WHAT IS EXPECTED: Write out the entire listing below exactly as it appears, minus any pictures.

DATA EXTRACT:
=== Begin Enclosure ===
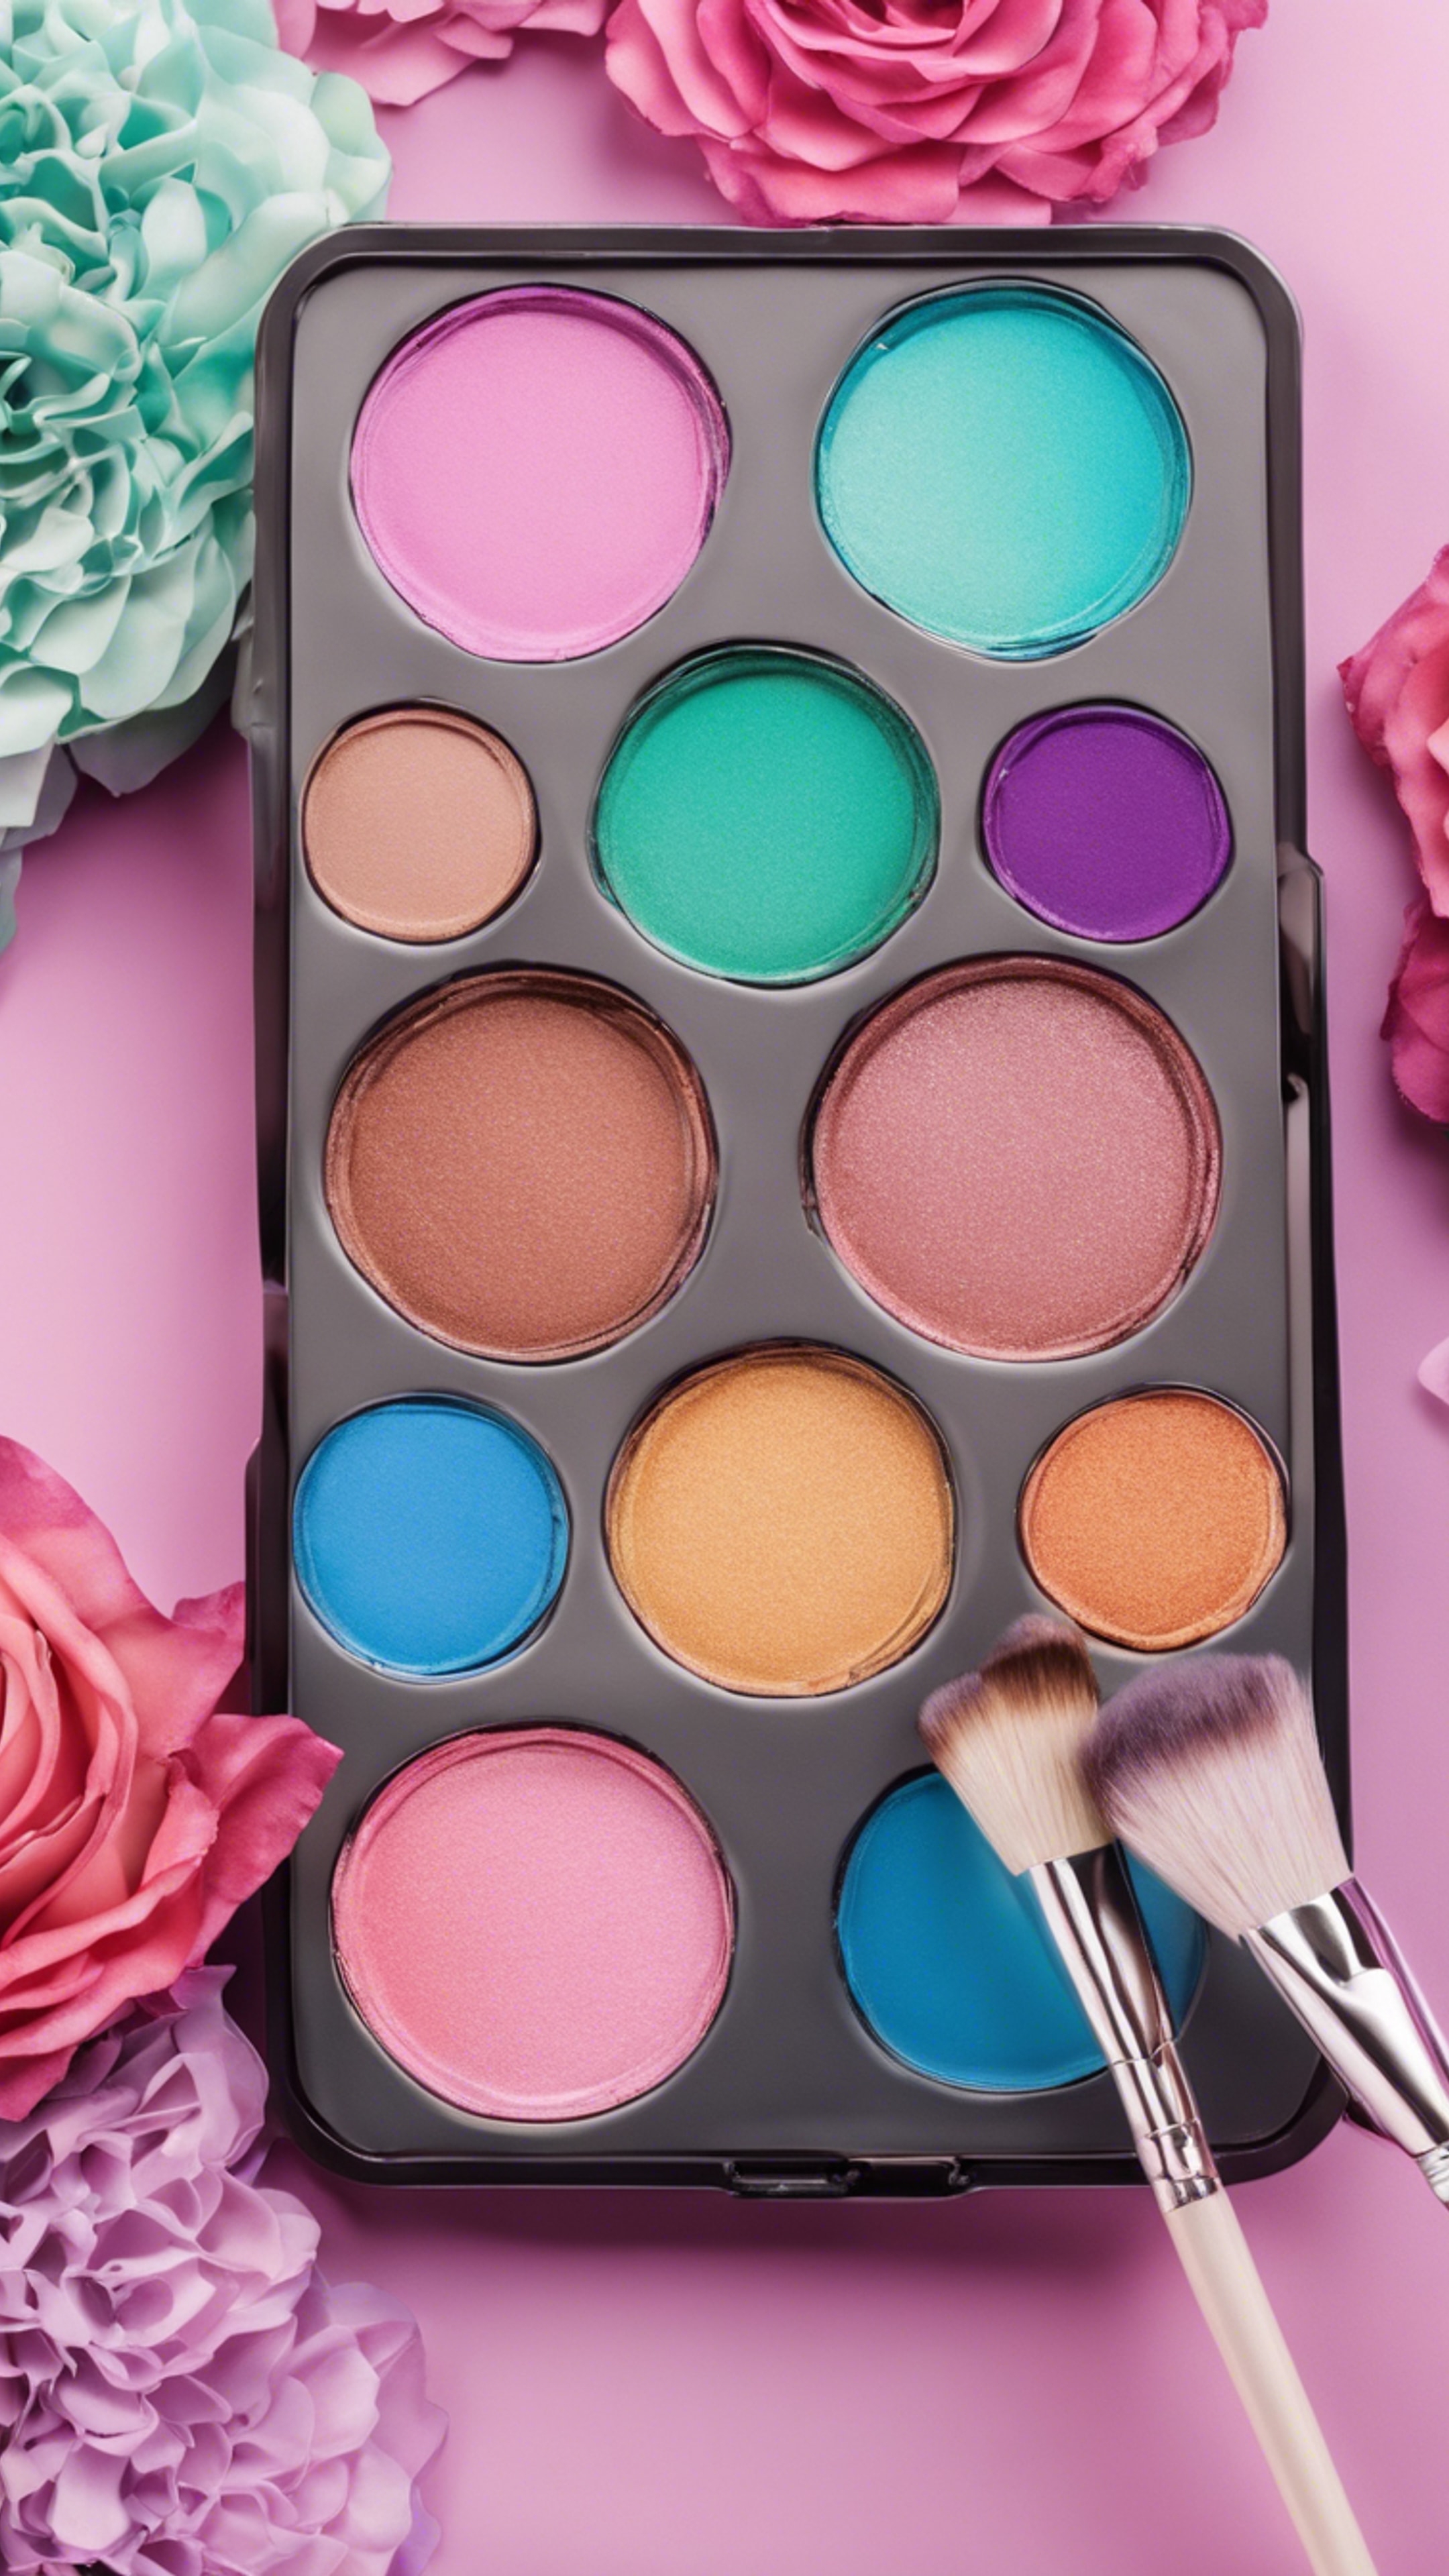 A cute girly makeup palette with a variety of vibrant colors and a brush for application. Taustakuva[6f3ccf3758d549978770]
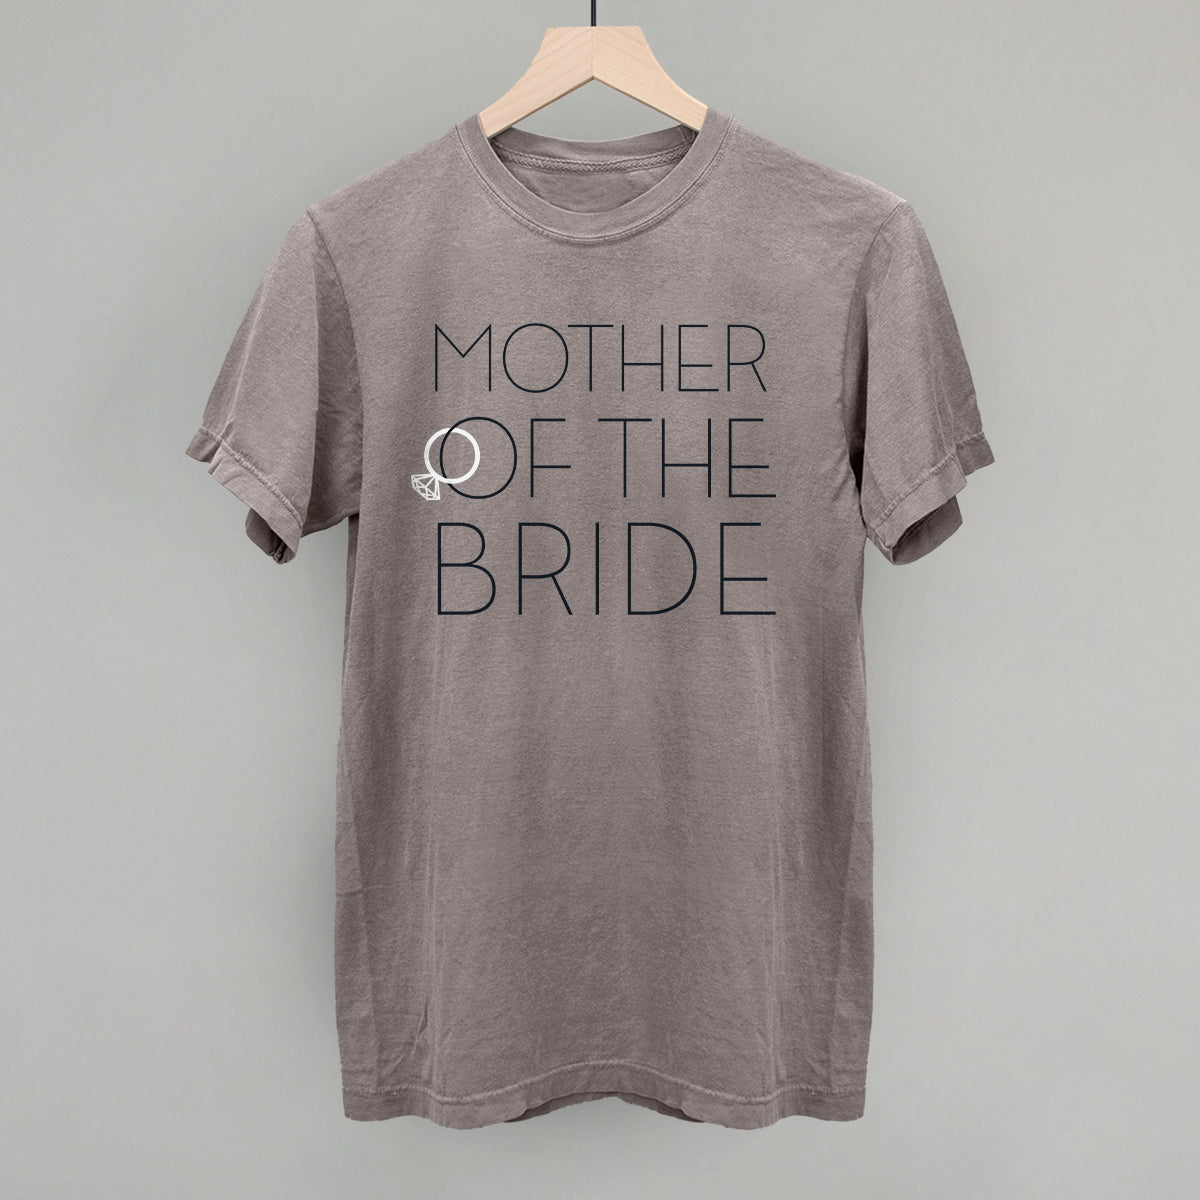 Mother of the Bride (Deco Ring)
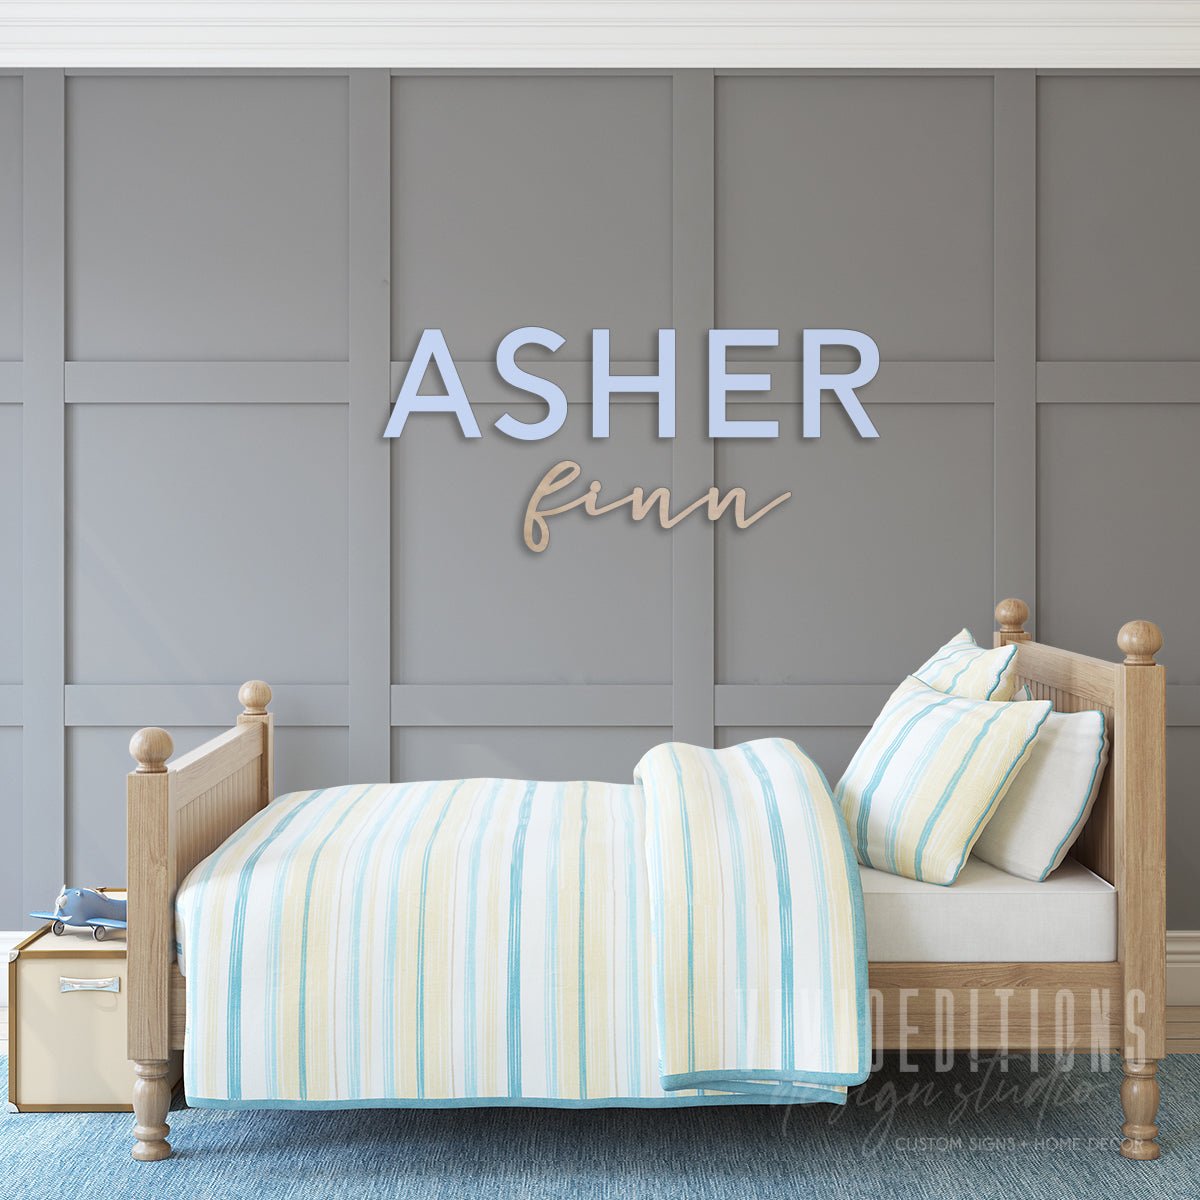 First & Middle Nursery Name Sign, Acrylic or Wood - 2pc Set - VividEditions
=== End Enclosure ===
TASK SOLUTION:
 A cute girly makeup palette with a variety of vibrant colors and a brush for application. Taustakuva[6f3ccf3758d549978770]
 Mother of the Bride (Deco Ring)
 First & Middle Nursery Name Sign, Acrylic or Wood - 2pc Set - VividEditions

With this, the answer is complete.